Top of Raw data

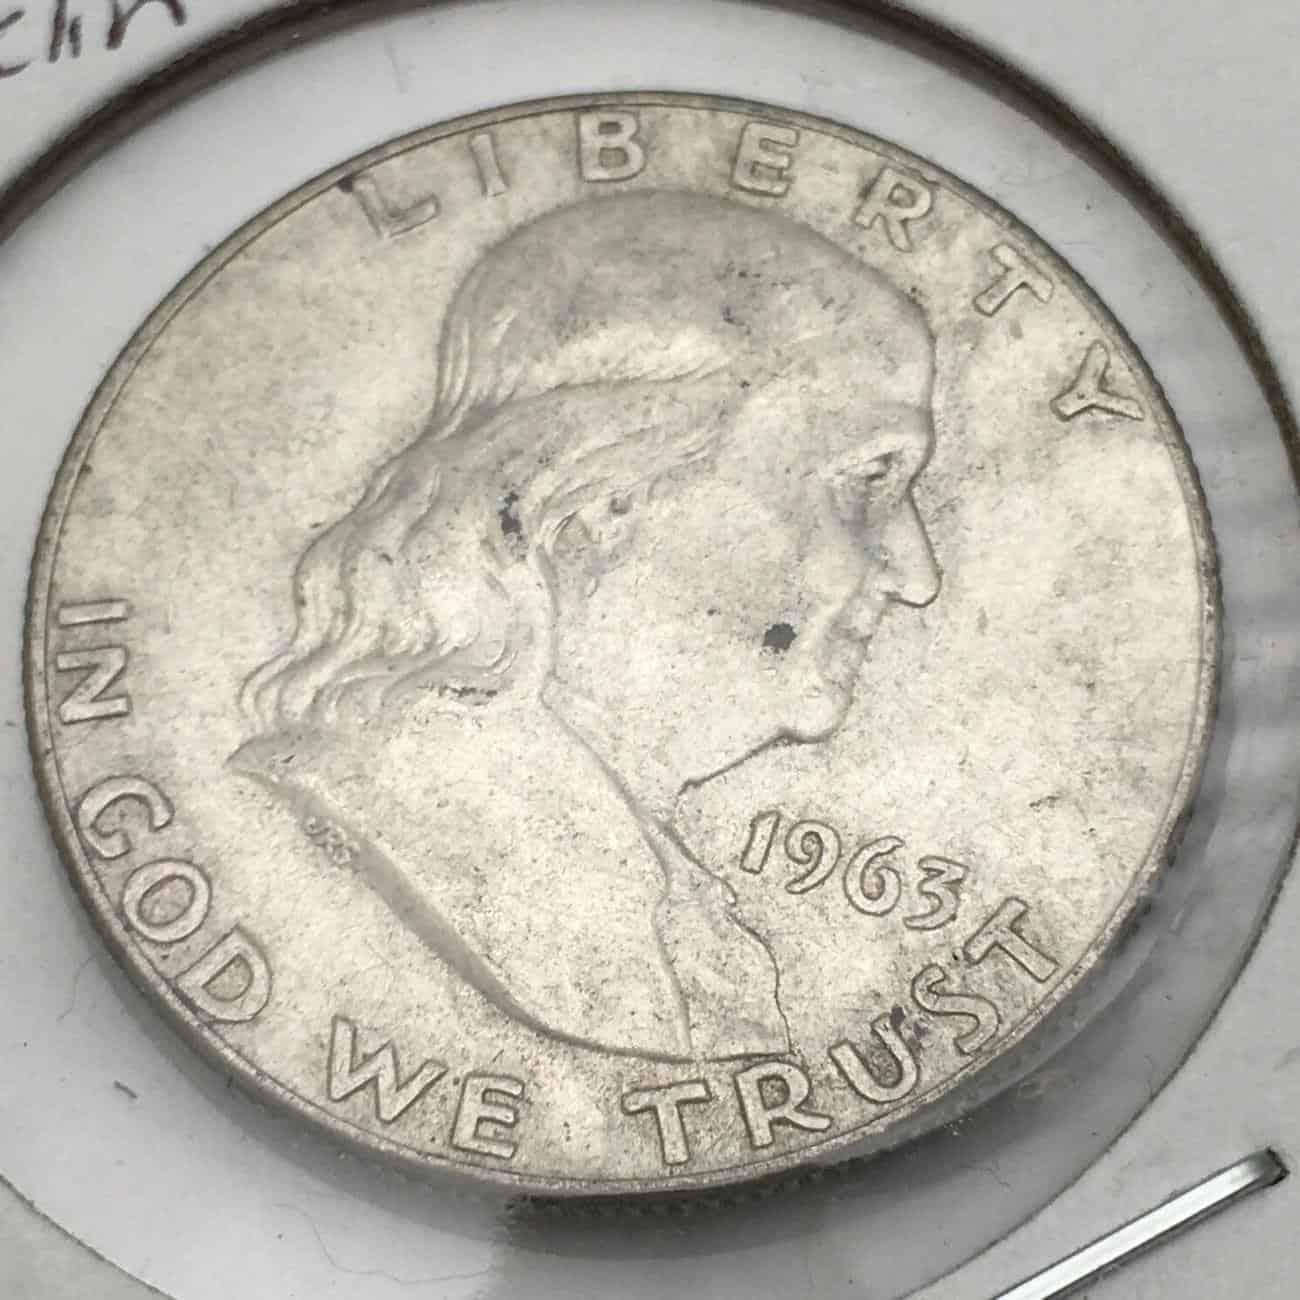 1963 Half Dollar Value
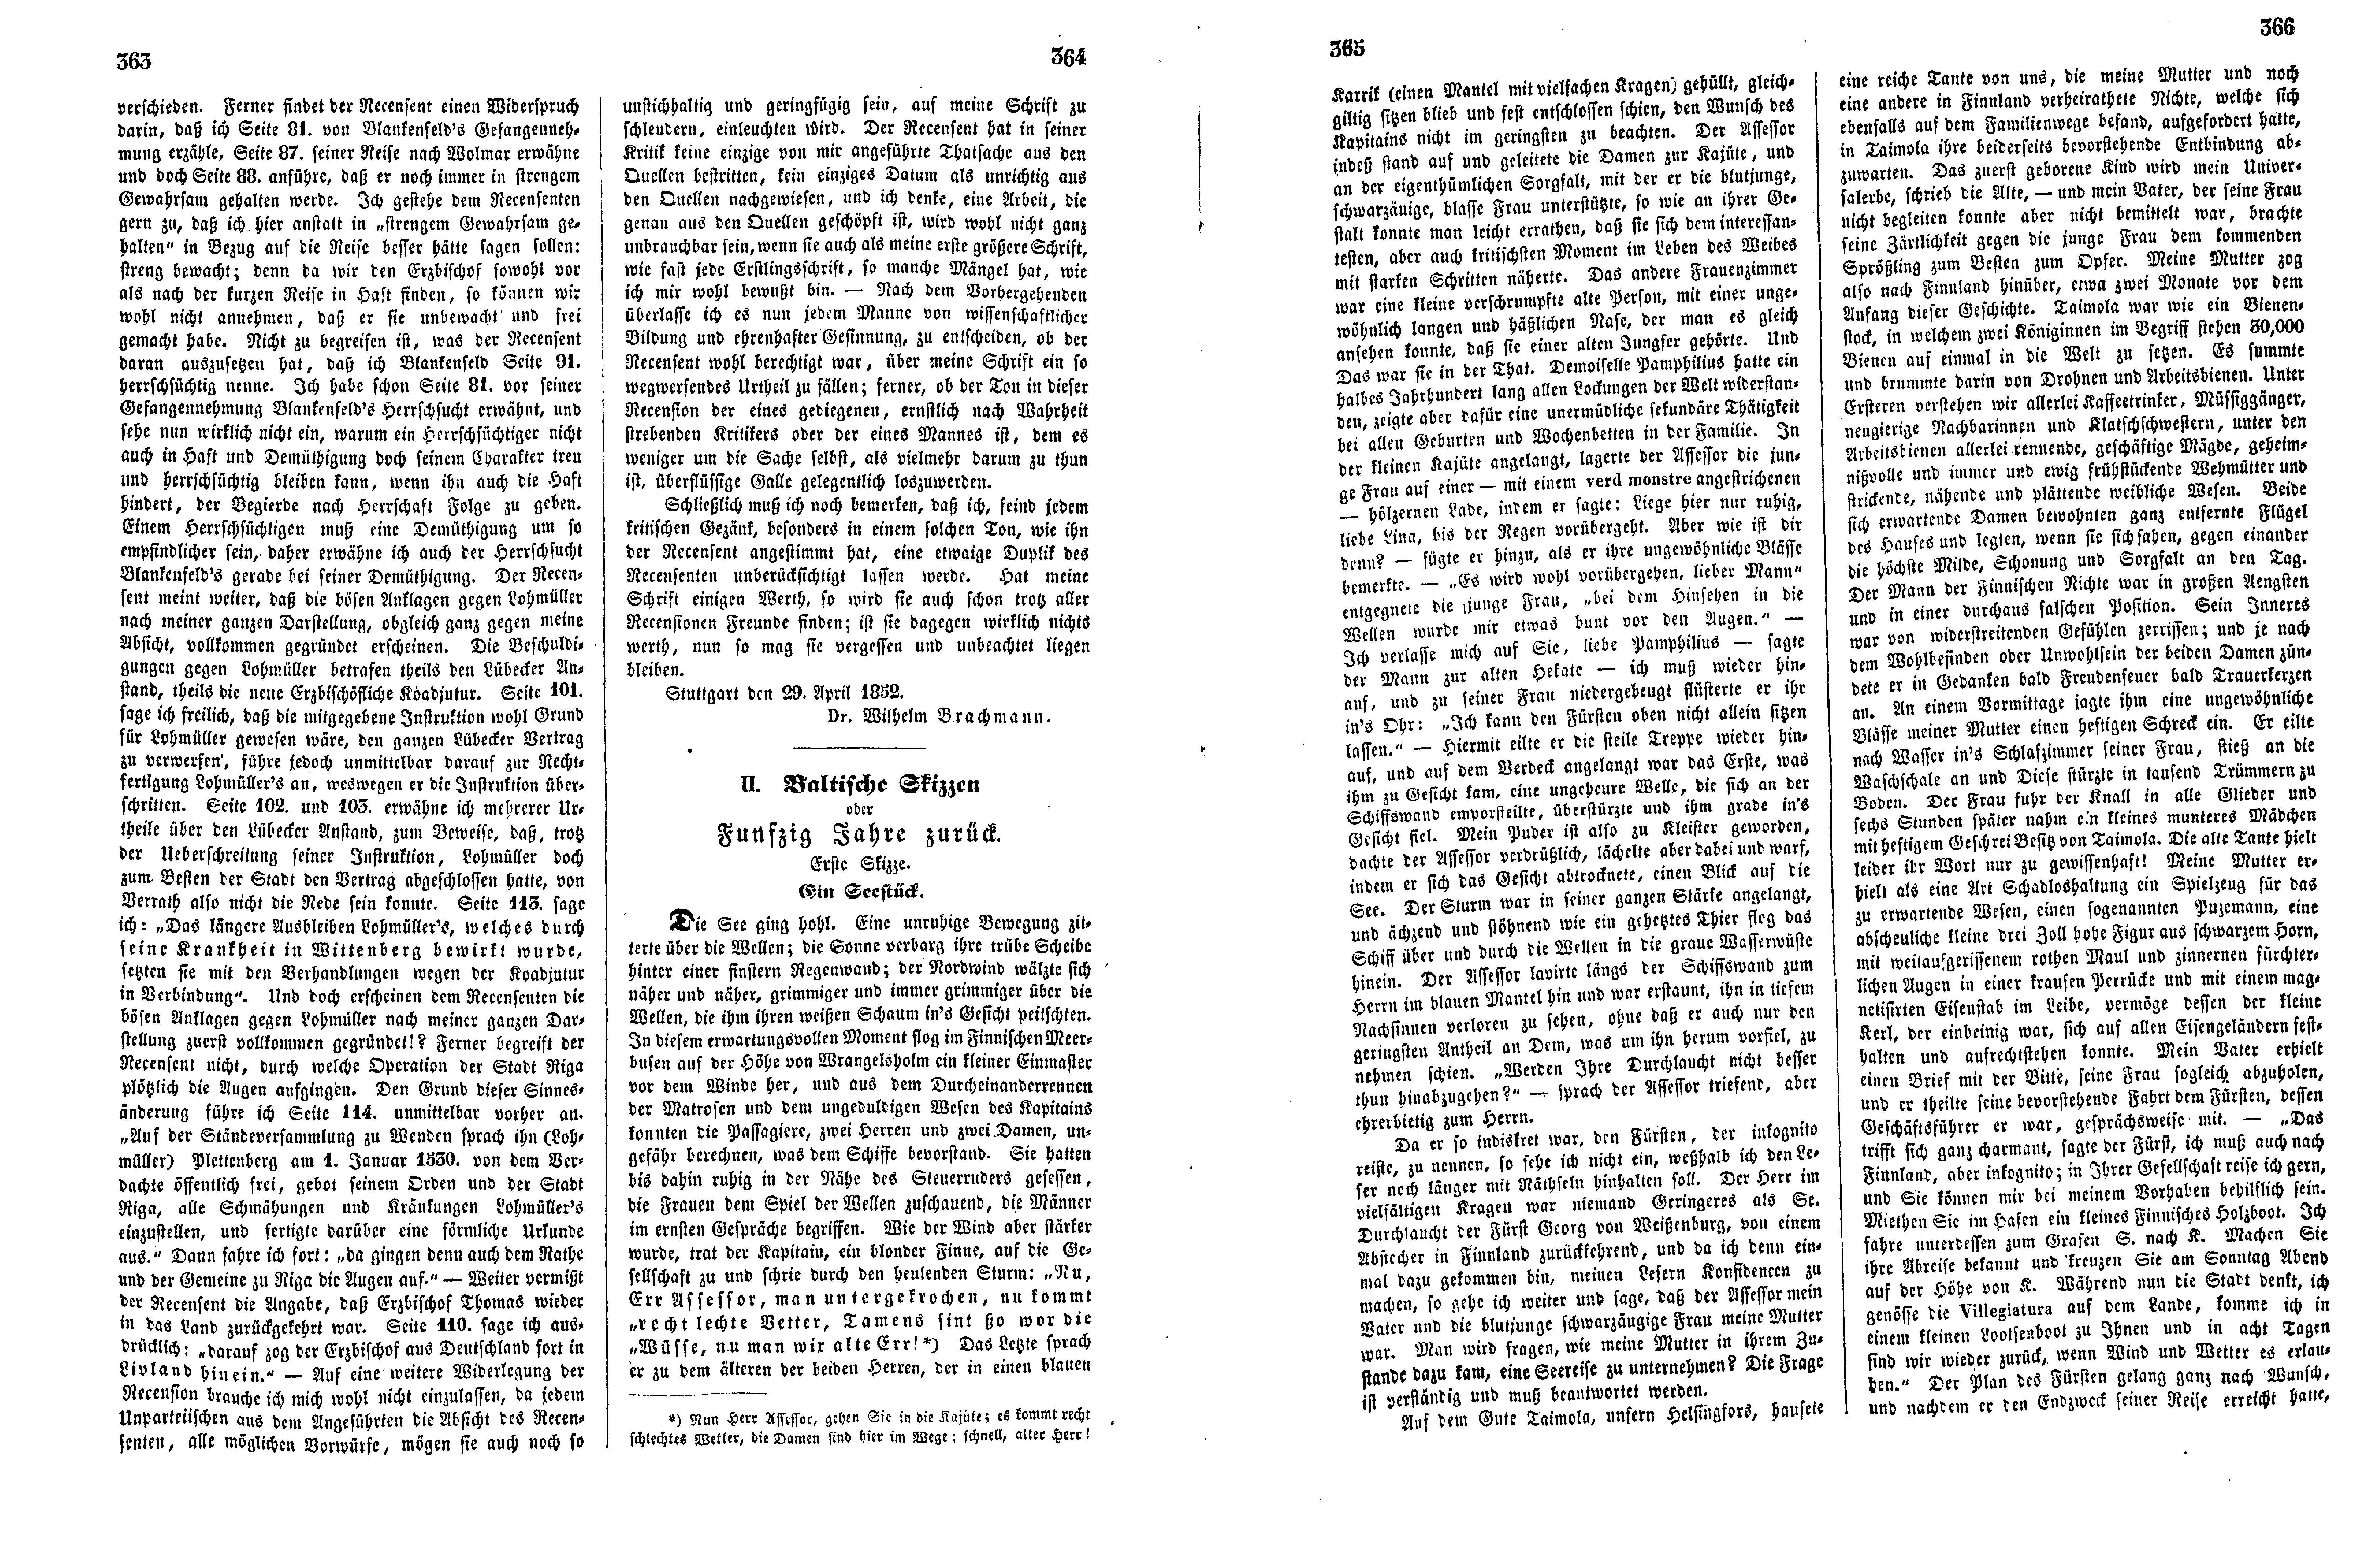 Baltische Skizzen oder Funfzig Jahre zurück (1852) | 1. (363-366) Haupttext
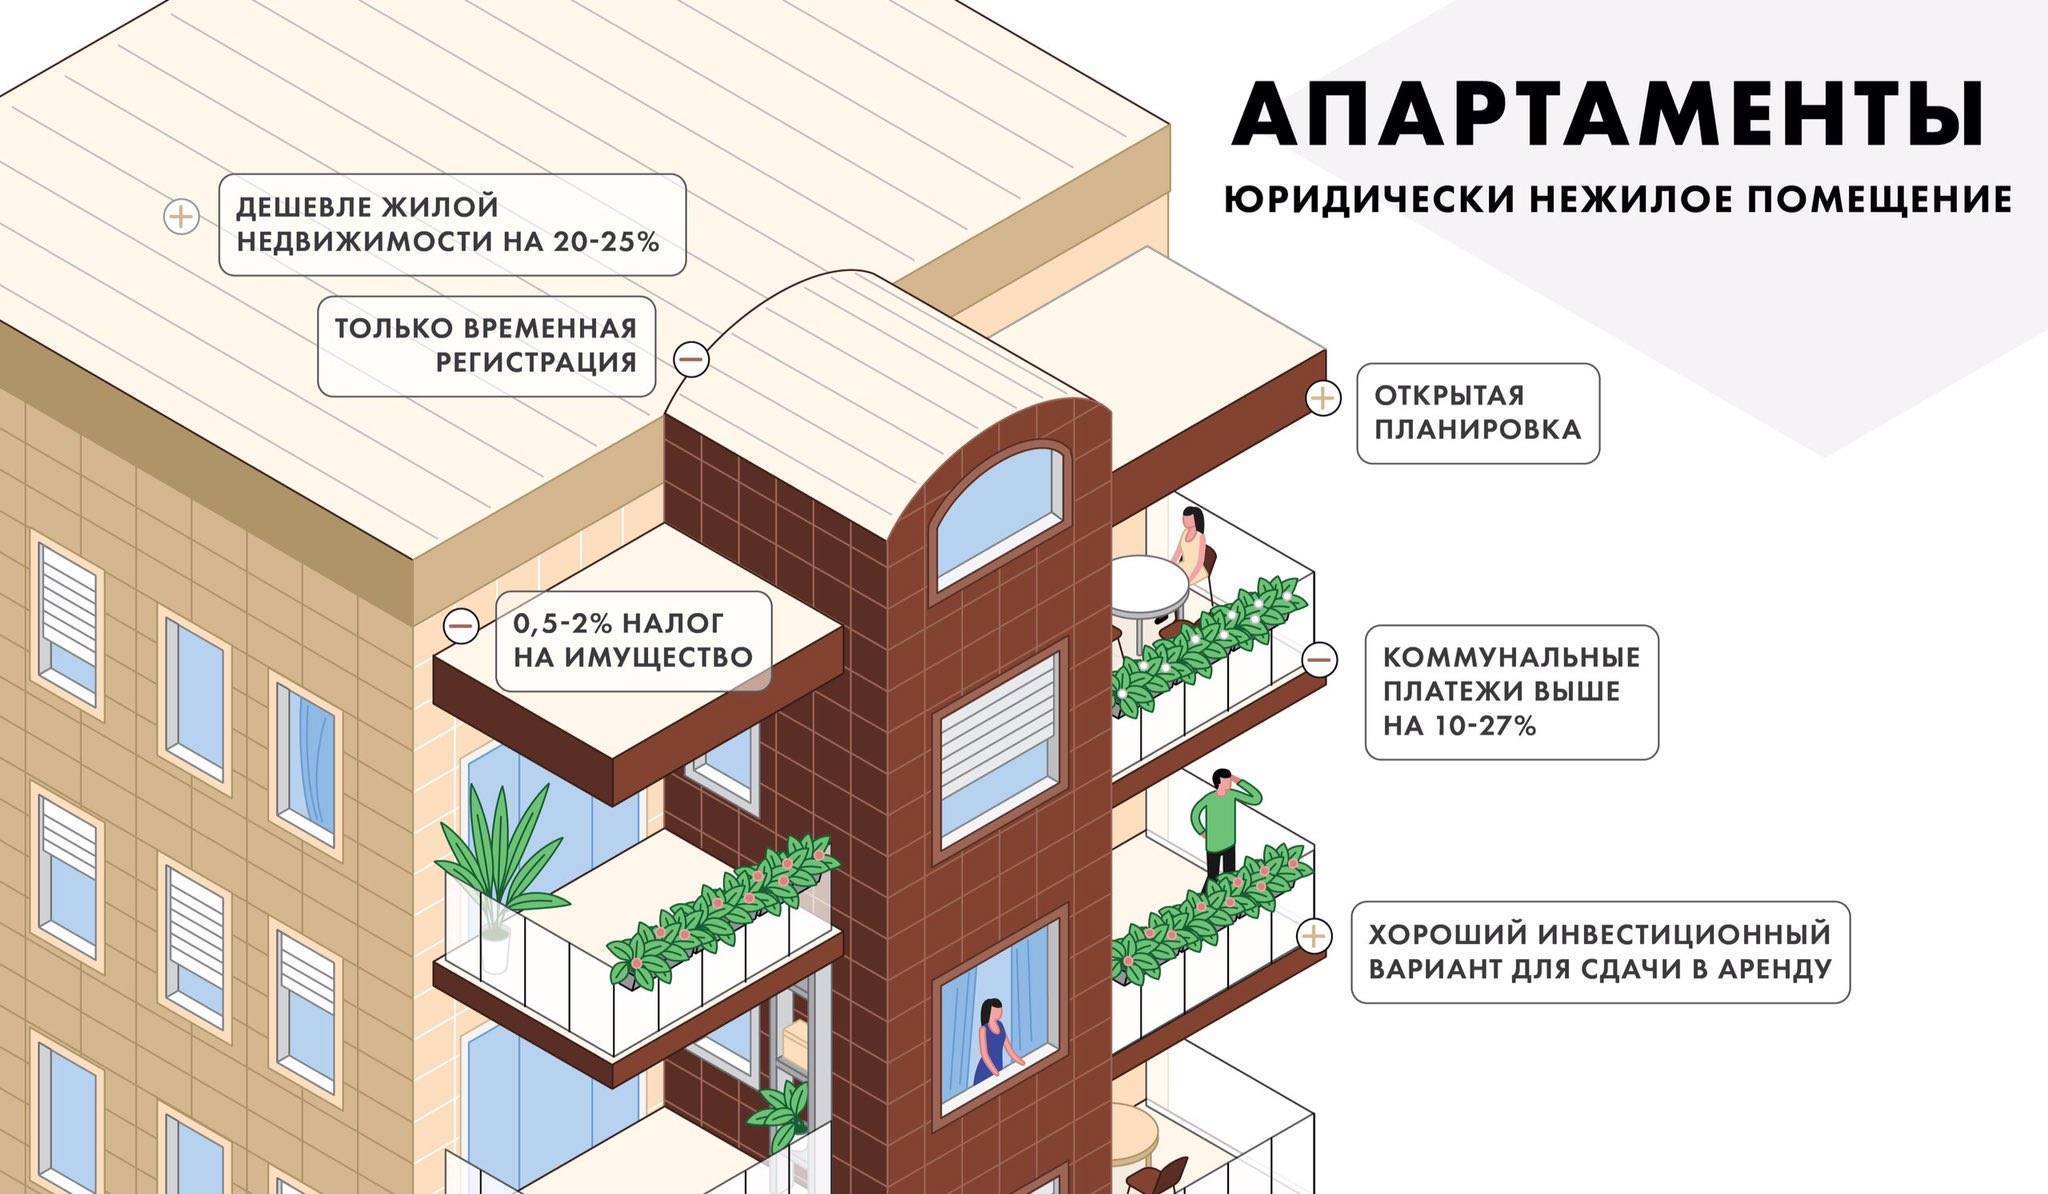 Апартаменты и квартира: в чем разница между этими жилыми помещениями по законодательству | domosite.ru

Bottom of Raw data

Work task ::
Please return the whole listing exactly. Do not copy its images.

Exercise solution ::
 1963 Half Dollar Value
 Baltische Skizzen oder Funfzig Jahre zurück (1852) | 1. (363-366) Haupttext
 Апартаменты и квартира: в чем разница между этими жилыми помещениями по законодательству | domosite.ru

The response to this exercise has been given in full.